It is a fact that Xi'an was at least as influential as Rome during its peak period and it's legacy remains deeply enshrined in the Eastern world, despite a lack of recognition in the Western world.


----------



## Mahratta

Wuppeltje said:


> But are these similarities all coming from Xi'an?
> 
> Rome was not just the capital of the Roman Empire, all the other cities were nothing compared to Rome in it's empire. And the influence of Rome was far beyond the borders of the empire. Rome is considered as the first city with more than 1 million inhabitants. No city came close in the western world for a very long time, not only in seize, but also not in political, economical, and military power.
> 
> A lot of the infrastructure build by Rome was still in use in the Middle Ages, long after the fall of Rome. In the rule of law in many countries there are a lot of traces to Rome.

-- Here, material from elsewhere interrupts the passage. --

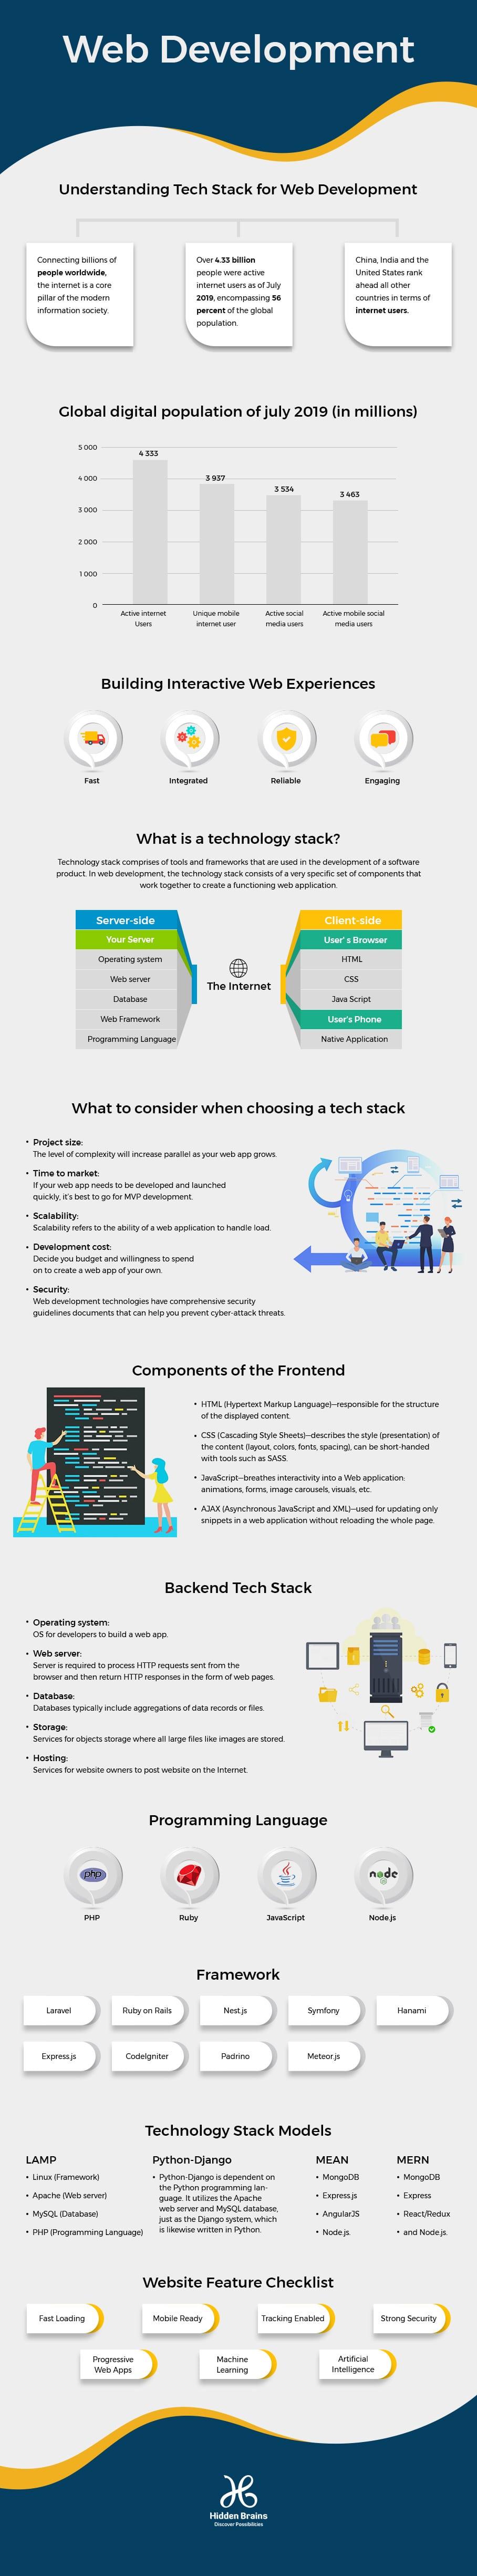 best technology stack for web development
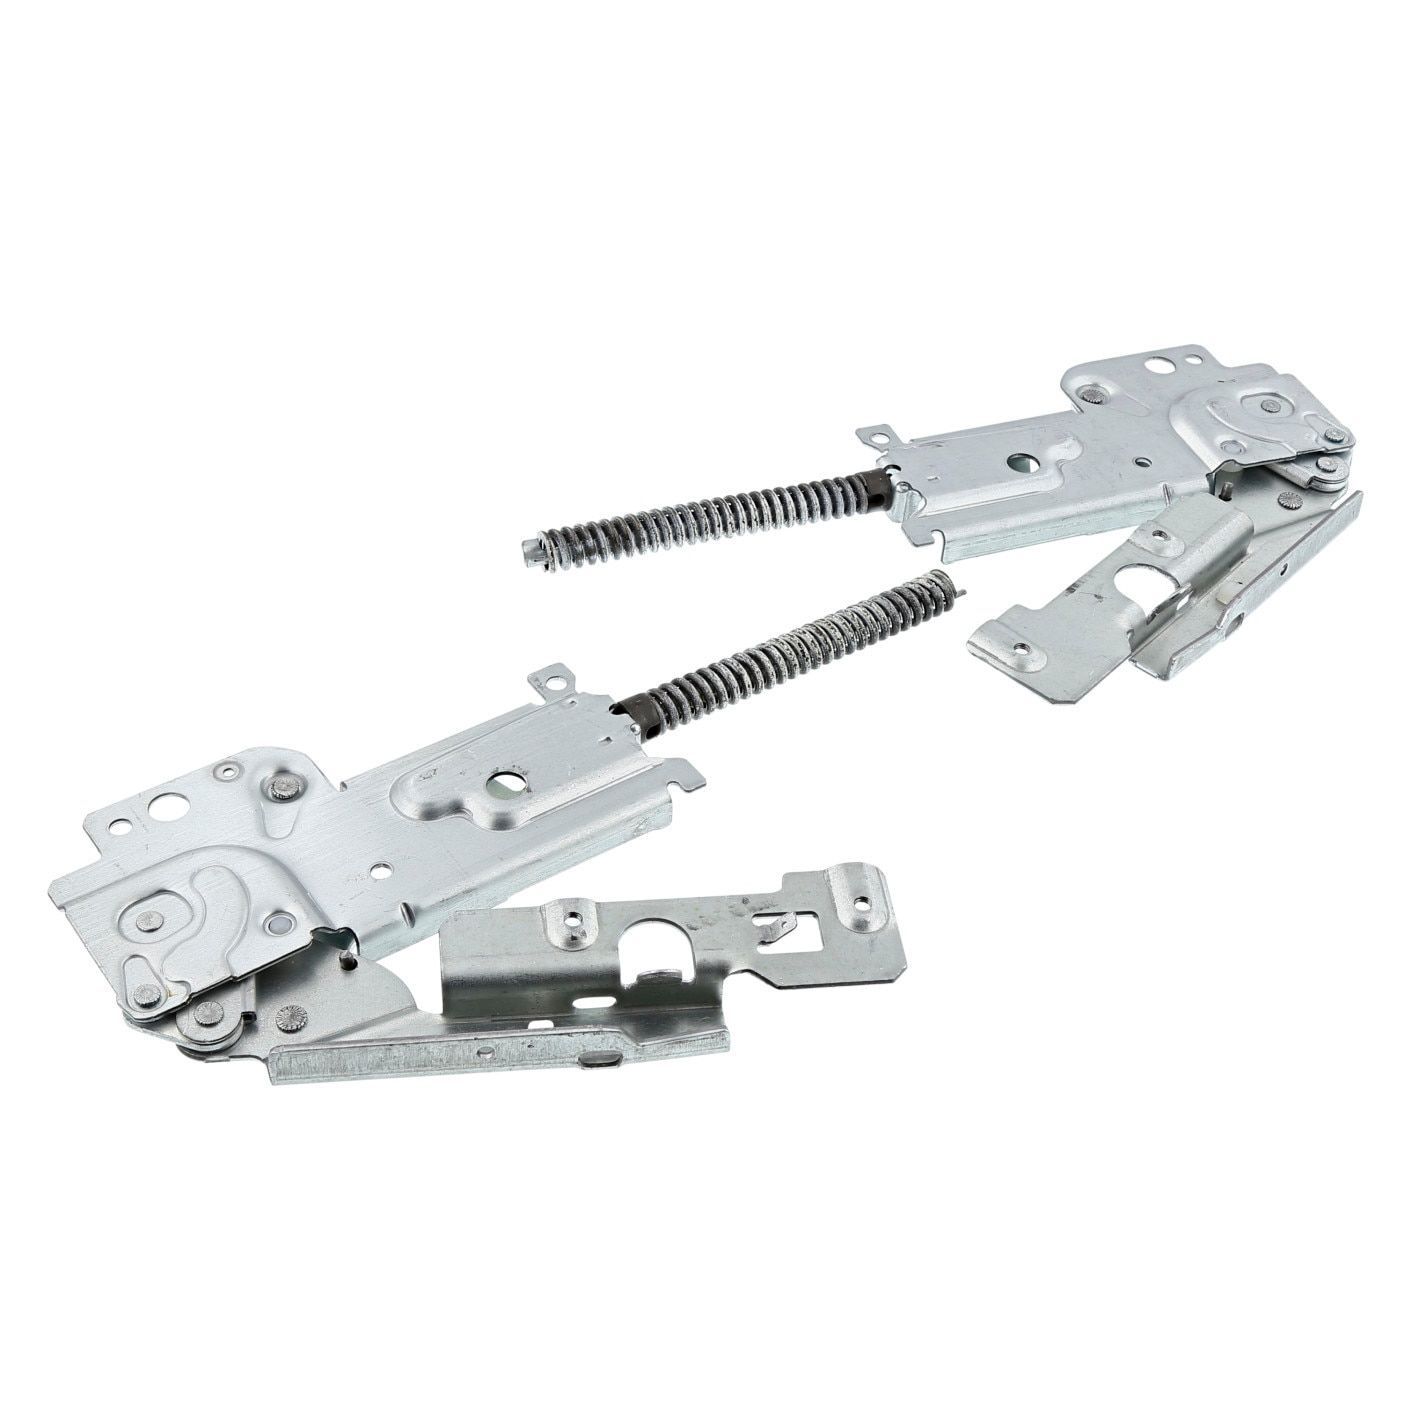 panty dveří do myčky Zanussi Electrolux AEG - sada 2 ks - 4055053450 AEG / Electrolux / Zanussi

In most written languages that western countries have there are still all kind of words that are directly from Latin. We use a Roman alphabet in most western countries. Roman numbers aren't really in use anymore, you can still find buildings in a lot of countries and on all continents with Roman numbers on it.
> 
> While other cities are more important than Rome nowadays, Rome itself is still important for a major part of the world (especially religion).



What many don't realize is that China and the Sinosphere and India and the corresponding Indosphere were, for most of history, more significant than Europe both economically and population wise. Therefore the cities with influence in China like Xi'an and the cities in India like Benares and Delhi hold as much, if not more influence than Rome to a huge amount of the world.


----------



## Wuppeltje

The silk route, was without doubt very important. But Xi'an/Chang'an was 1 of the places that were important on that route for Europe. 

In history lessons in The Netherlands Rome is important. Not because it was just a very important city, but because it influenced us a lot in different ways. For more than a thousand years after the heyday of Rome there wasn't a city in Europe close to the old influence of Rome. The Middle Ages were a huge step back in civilization here. Europe was gaining power again after "rediscovering" Rome and gaining Arabic and Chinese technology, collecting them and making their own inventions. I don't have the feeling that China had such a downfall of civilization after the heyday of Xi'an/Chang'an. Of course there were downfalls, but so dramatic?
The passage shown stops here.